The way I like explaining the difference between categorization and classification is the same way that we talk about the animal kingdom. If we have a mole-rat, a turtle and an assassin bug, they all belong to their own class. A mole-rat's a mammal, a turtle's a reptile and the assassin bug is an insect. Then each class belongs to the same phylum, which is vertebrae. So we consider the phylum to be the category. And similar to how we break down the animal kingdom, each phylum or category needs to have some set of shared attributes and then once you progress into the class, it gets even more specific.

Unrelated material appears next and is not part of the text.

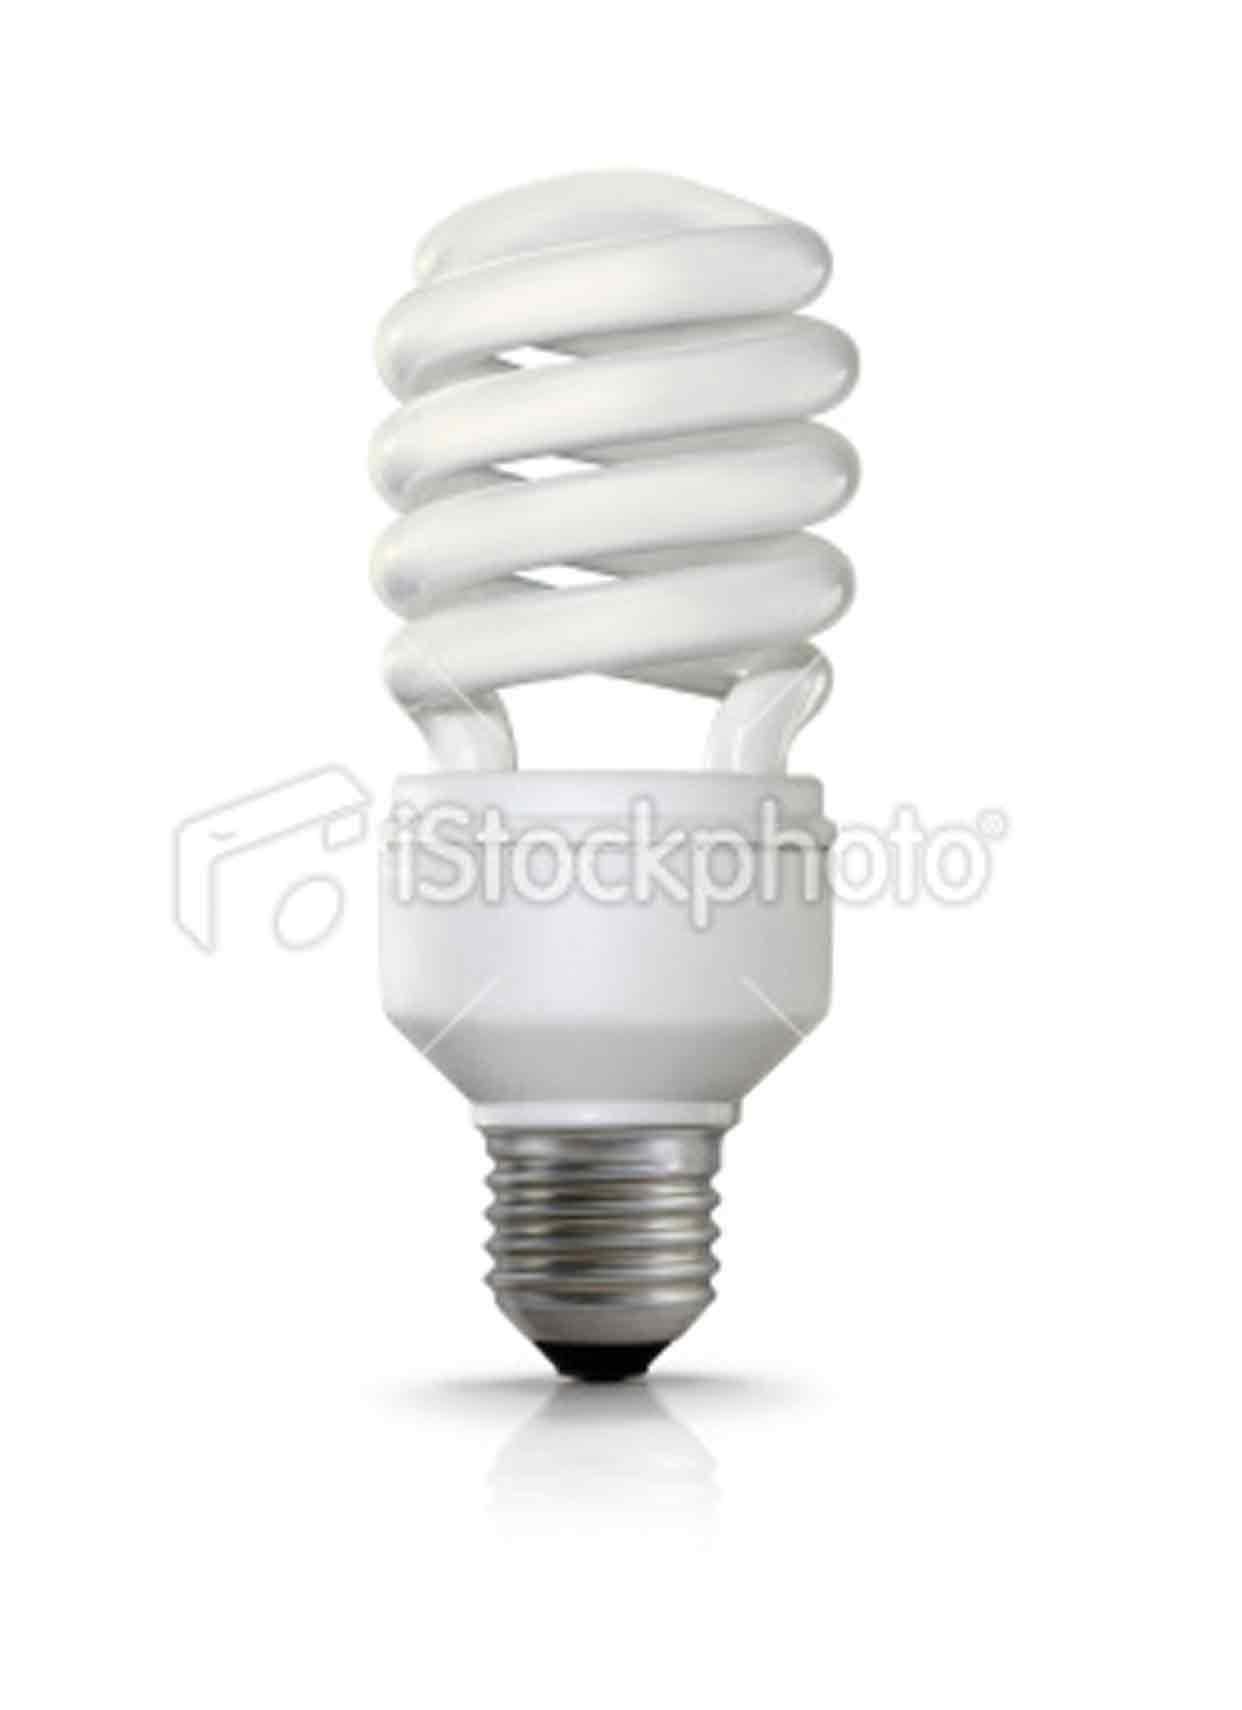 Ist2 6694161 Compact Fluorescent Lightbulb
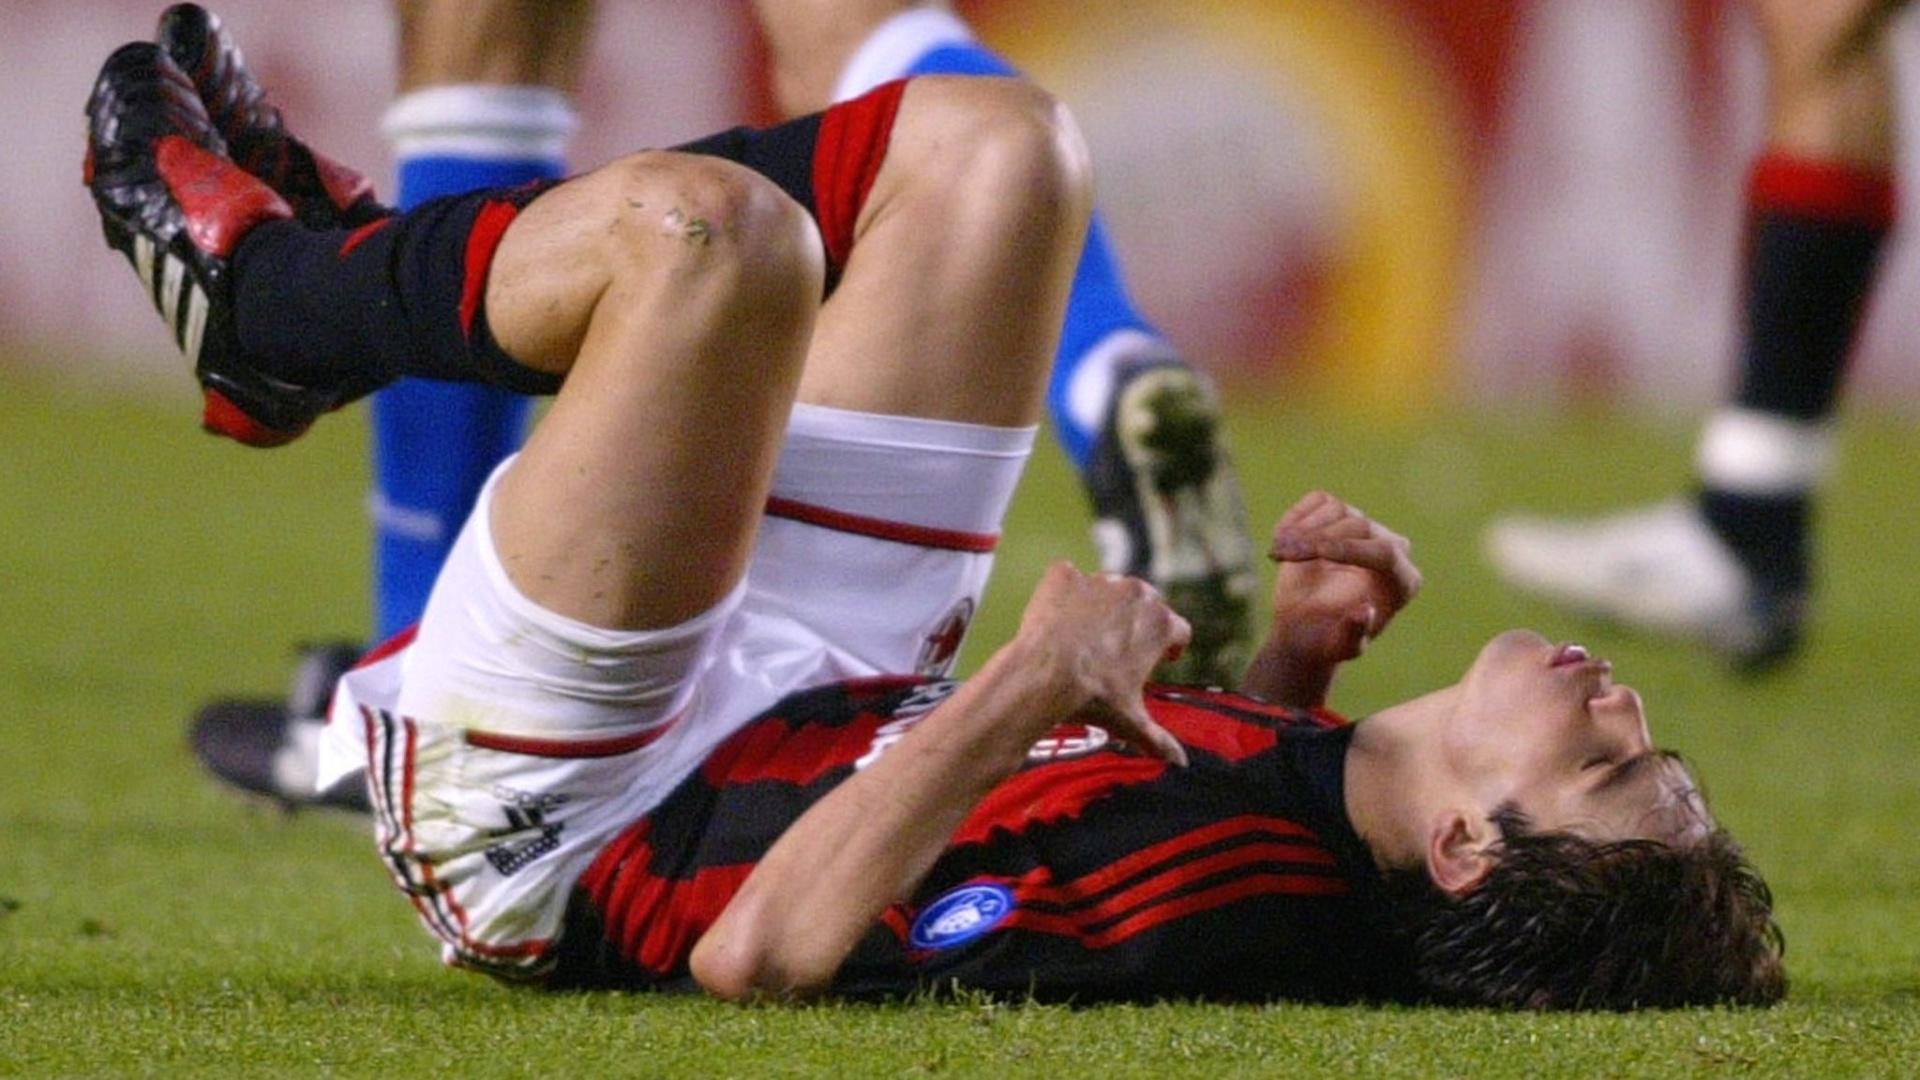 Kaká, meia do Milan, lamenta a derrota do time por 4 a 0 para o La Coruña, na Liga dos Campeões de 2003/04

There's a bunch of different ways that we can categorize data but usually, I like to start by deciding if I want to do categorization by input or output. If I choose to categorize by input, I'll look to see if the data is labeled. If it is, I know I can apply supervised learning. But if it's unlabeled, it'll be an unsupervised approach. If I end up categorizing by output, and the output's a number, then it's a regression problem. If the output is a class, then it's a classification problem.

medium

And you can see what I mean by using this DataFrame. We can see that every entry is a numerical output. And what I mean by that is that we can find out what the a_students have in common with each other, what the b_students have in common with each other and so on. What ended up deriving from that is that it turns out that students who work between 10 and 20 hours a week and got higher than a B in their prerequisite course ended up with either an A or a B in this course. Students who worked more than 20 hours and got a C or higher in the prereq, ended up with an even spread of Bs, Cs and Ds. Then finally, the students who didn't work at all and got a C in the prereq, usually ended up with either a C, D or E.

Knowing that, we can actually categorize incoming students, based on their chance for success. So depending on their group, we can apply different algorithms to help predict what areas they should actually focus on to give them their best overall result.

There's really a countless number of ways to actually categorize data. So having a good understanding of the data and what result you're trying to achieve will have the biggest effect on how you decide to categorize everything.

This isn't necessarily a fact but to me, it seems like data categorization is kind of an overlooked area. But I'm also not going to lie and say that it can make or break a company. The reality is is that properly categorizing data can end up saving you a lot of time and help give you a much better long-term result.